* THE PROBLEM: For every line in the material, output its text exactly and exclude any image it holds.

* GIVEN RECORDS:
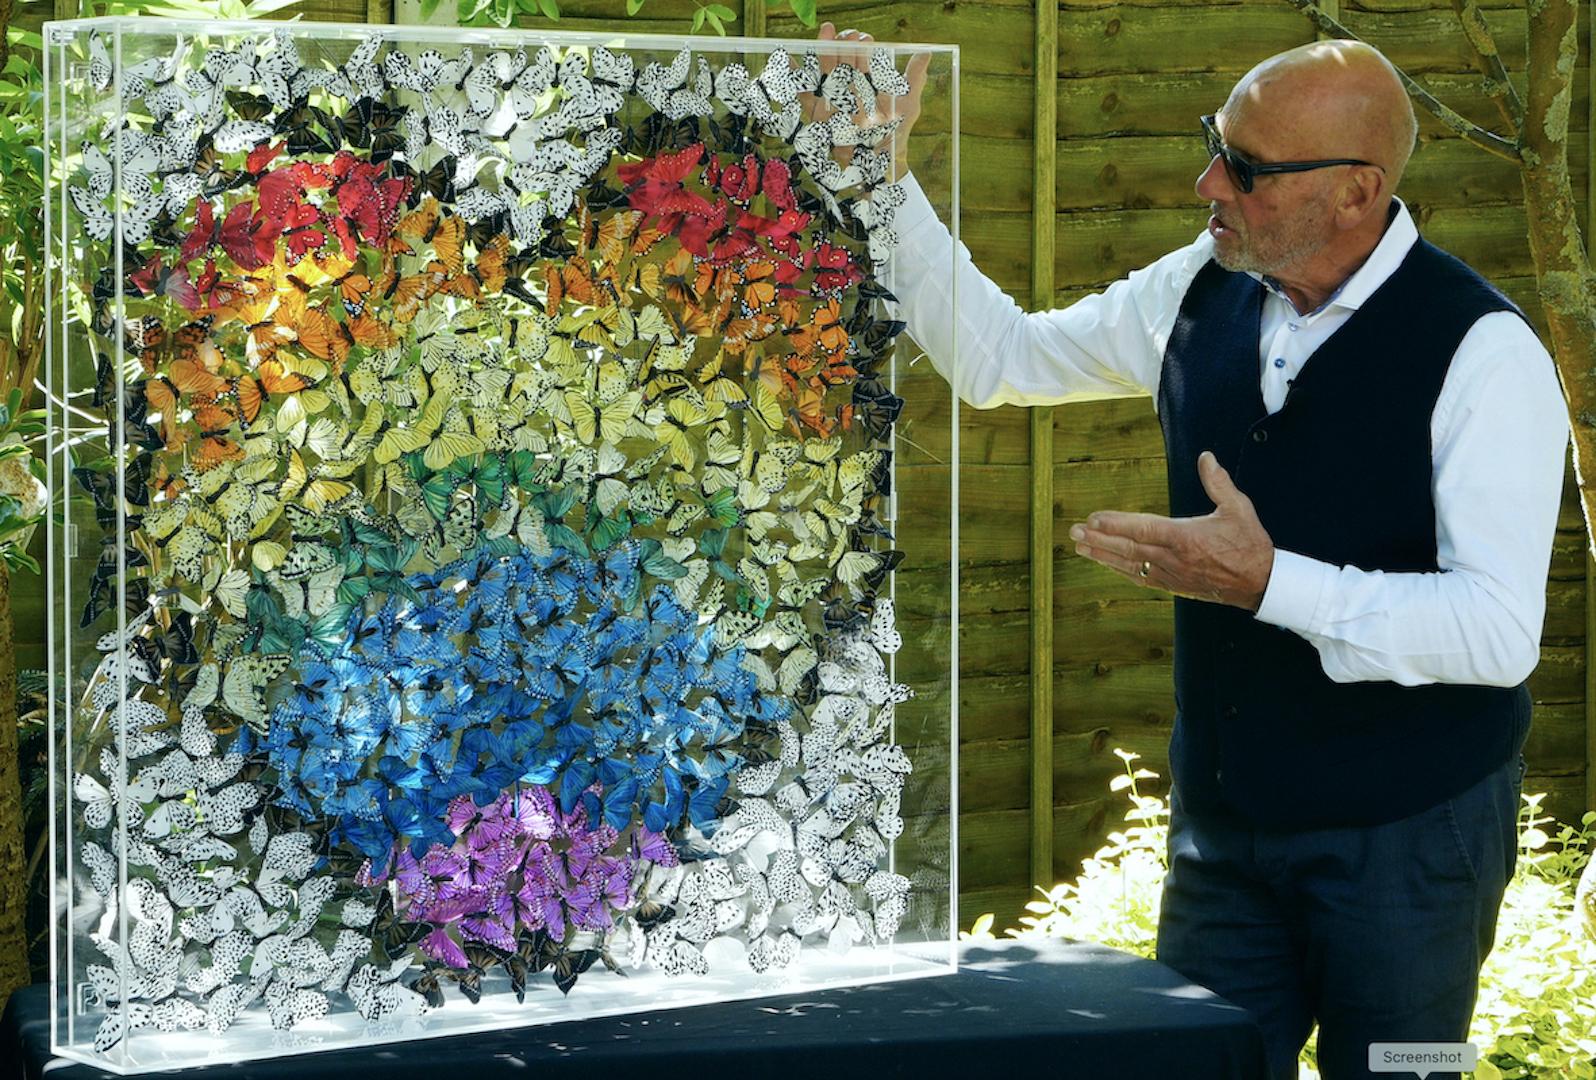 Michael Olsen
Love and Hope
Fabric Butterflies in Perspex box
Box Size: H100cm x W100cm x D 10cm
This work is sold framed in a perspex box and ready to hang.
(Please note that in situ images are purely an indication of how a piece may look)

The
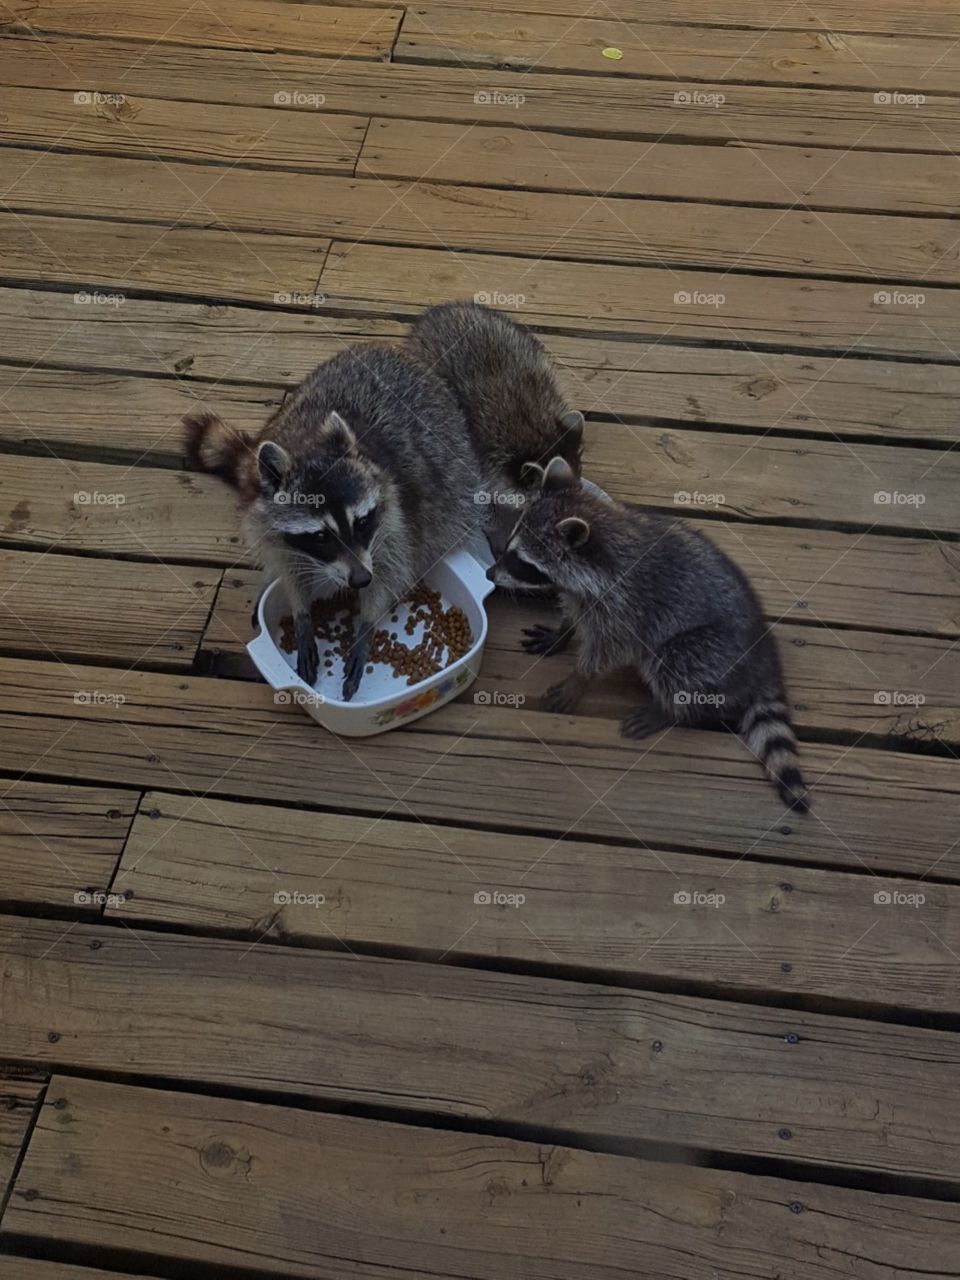 Masked bandits caught stealing cat food!

* OUTPUT FOR THIS EXERCISE:
 Michael Olsen
Love and Hope
Fabric Butterflies in Perspex box
Box Size: H100cm x W100cm x D 10cm
This work is sold framed in a perspex box and ready to hang.
(Please note that in situ images are purely an indication of how a piece may look)

The
 Masked bandits caught stealing cat food!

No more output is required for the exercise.